All 13 correlations have been systematically reviewed against Incropera Fundamentals of Heat and Mass Transfer (7th ed.) and, where accessible, against original primary sources. Each correlation entry in the correlation catalog records: equation source, validity bounds (Re, Pr, geometry), assumptions, and explicit uncertainty notes.

What was verified:

• All formula coefficients, exponents, and tabular constants were checked against Incropera 7th ed. (the primary textbook reference) and corrected where discrepancies were found.
• Four substantive formula errors were corrected during the validation process (Žukauskas Pr exponent, tube-bank coefficients, Dittus-Boelter Pr lower bound, Sieder-Tate Pr upper bound).
• Five primary-source PDFs were reviewed in full (Žukauskas 1972, Gnielinski 2013 update, Churchill-Bernstein 1977, Petukhov 1970, Sieder-Tate 1936).
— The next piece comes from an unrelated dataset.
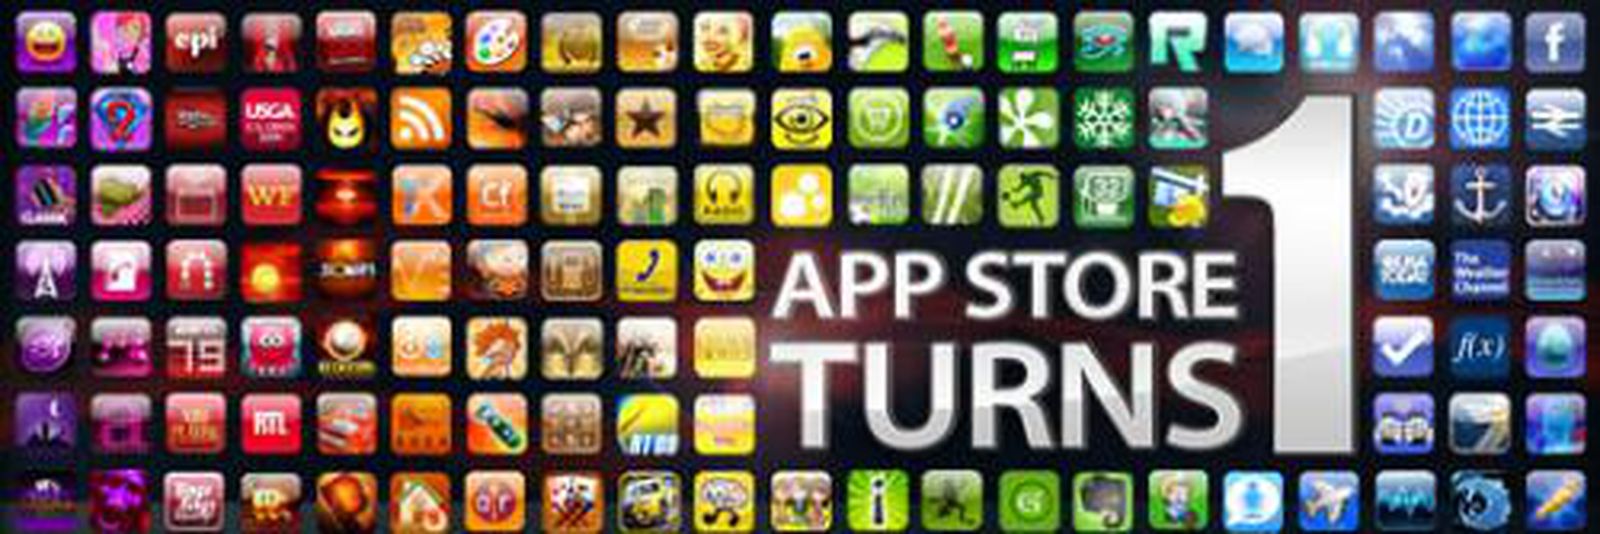 App store videos. APPSTORE. App Store 2011. App Store игра кости. Рев приложение.
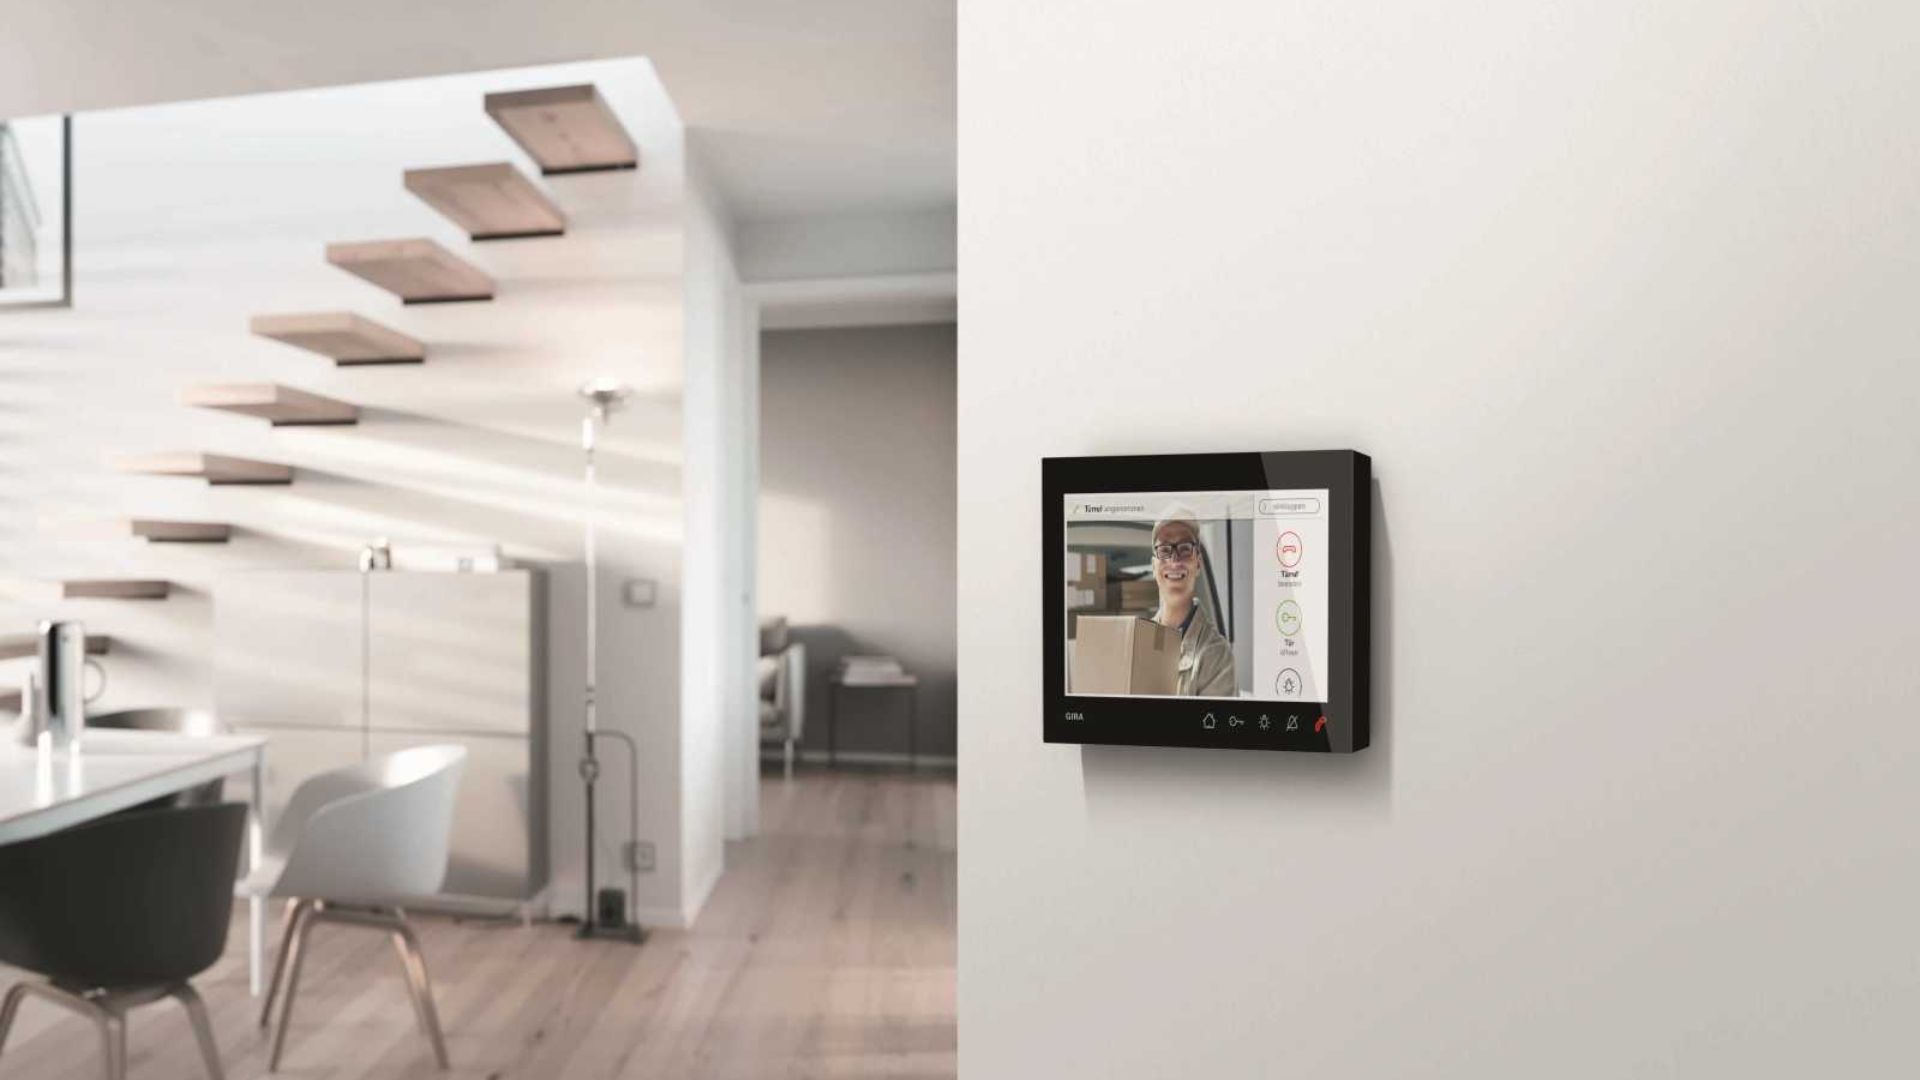 Die Gira Wohnungsstation Video AP 7 mit 7-Zoll Display zeigt hochauflösende Bilder und ermöglicht die direkte Kommunikation. Mehr zum Produkt ➦

Uncertainty bounds — honest state:

The literature uncertainty percentages reported by the engine (used in scoring and confidence bands) carry the following caveats, documented in detail in the correlation catalog:

• Petukhov (±5–6% for Pr 0.5–200; ±10% for Pr 0.5–2,000) is the only uncertainty bound verified directly from an accessible primary source (Petukhov 1970, p. 523).
• All other uncertainty figures — including Gnielinski ±10%, Dittus-Boelter ±25%, Churchill-Bernstein ±20%, Žukauskas ±25%, Sieder-Tate ±20%, and the laminar correlations at ±10% — are textbook-consensus estimates. The original papers were either paywalled, unavailable in any accessible digital form, or (in the case of Churchill-Bernstein) simply did not state an explicit ±% bound. These are marked UNCERTAIN in the catalog with the reason.
• Churchill-Bernstein is not a central estimate: the original paper (CB 1977, p. 304) explicitly characterises Eq. (9) as "a lower bound for computed and experimental values." Actual Nusselt numbers typically fall above this correlation. The engine surfaces this as an assumption in the explanation layer.
• Sieder-Tate: inspection of the original paper (Table II, p. 1433) shows deviations ranging from ±4% to ±63% by fluid type and Re regime. The commonly cited ±20% is a textbook simplification.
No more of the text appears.